— К чему эти слова?
— К тому, что в той жизни я умудрился стать тридцатилетним старикашкой, а своих детей вы воспитываете так, что их приходится вешать в четырнадцать! Я создал мир, лучший из возможных, и подарил его вам. Я дал вам свободу — величайшее благо на свете. И как вы поступаете со своим миром и своей свободой?
— Ты всеведущий, и знал, что так будет!
— Как ты можешь об этом судить? Если бы я знал все заранее, то ваша свобода не стоила бы истертого песо. Это была бы не свобода, а обман. Свободу можно дать, только отказавшись от всеведения, а значит, от всемогущества. Чтобы вы могли быть людьми, я перестал быть богом. И какими же людьми вы стали?
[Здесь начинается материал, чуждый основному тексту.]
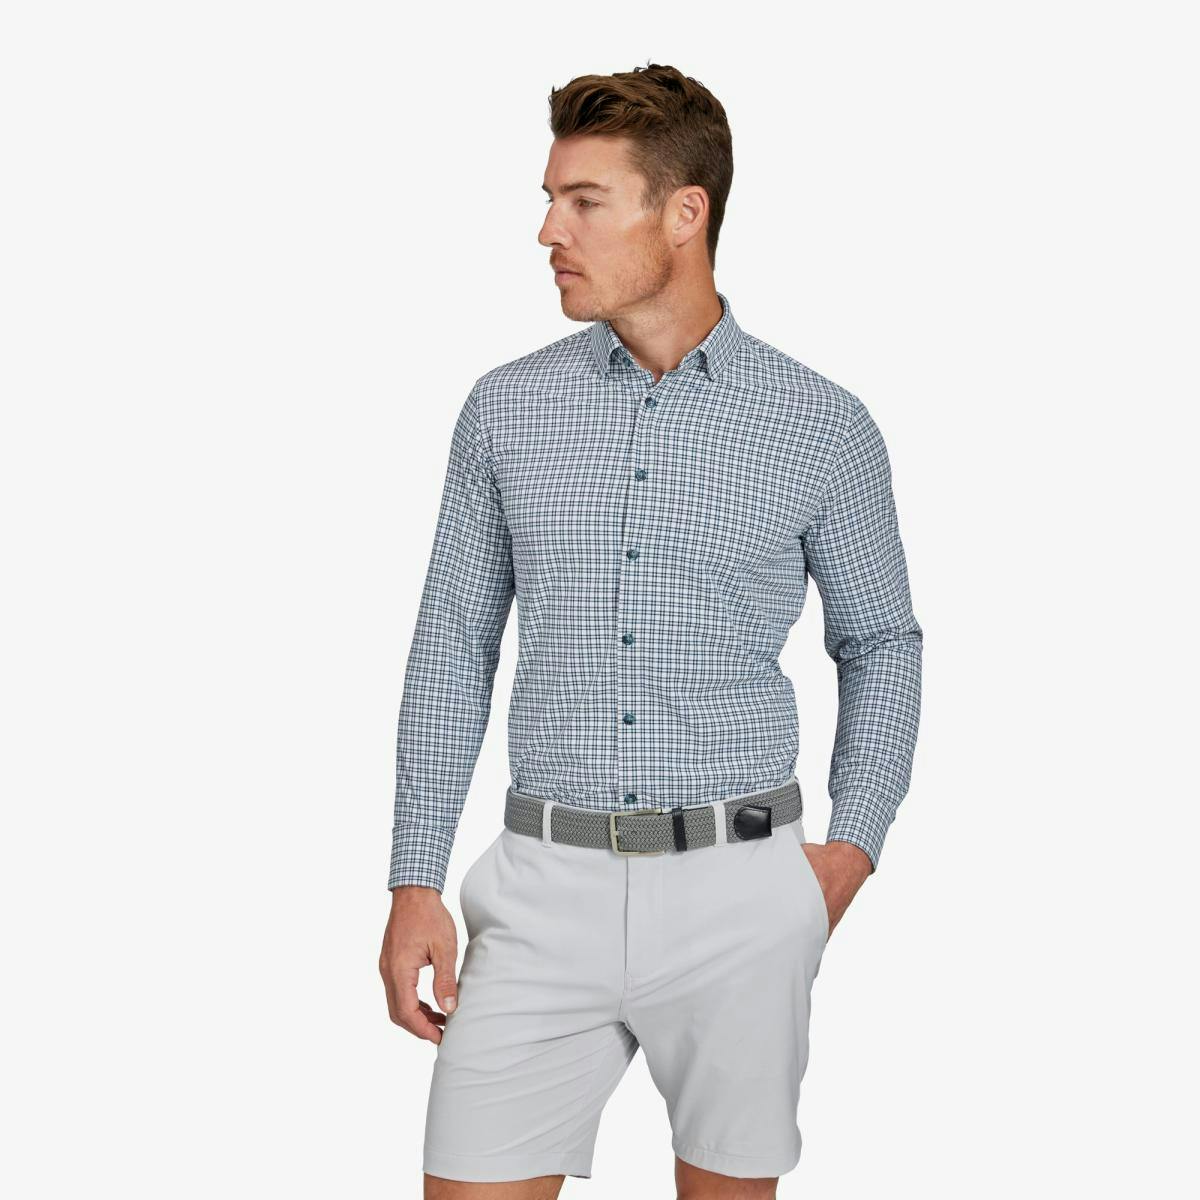 Monaco Dress Shirt - Product Image 1

На картине уже не было маски висельника. На Диего смотрело то самое лицо, которое он искал и не мог найти.
— Тогда приди и накажи нас, всех, кто злоупотребил твоей милостью.
— Вы уже наказаны. Второго пришествия не будет и суд уже состоялся. Мне противно на вас смотреть. Я говорю с тобой, потому что ты единственный, кто сумел разглядеть бога в испорченном мальчишке. Хочешь — считай это карой, хочешь — наградой, но больше такого не будет никогда. Ты можешь изрезать полотно на куски или переписать картину сотню раз, но не заставишь меня повернуться к вам лицом.
Говорить было не о чем. Диего молча стоял перед распахнутой картиной. Там в полутьме мастерской, перекликаясь с цветом стружки, сияли золотые локоны, блестела от пота согнутая спина, и неумолчно шоркал рубанок, до немыслимого совершенства выглаживая перекладину креста.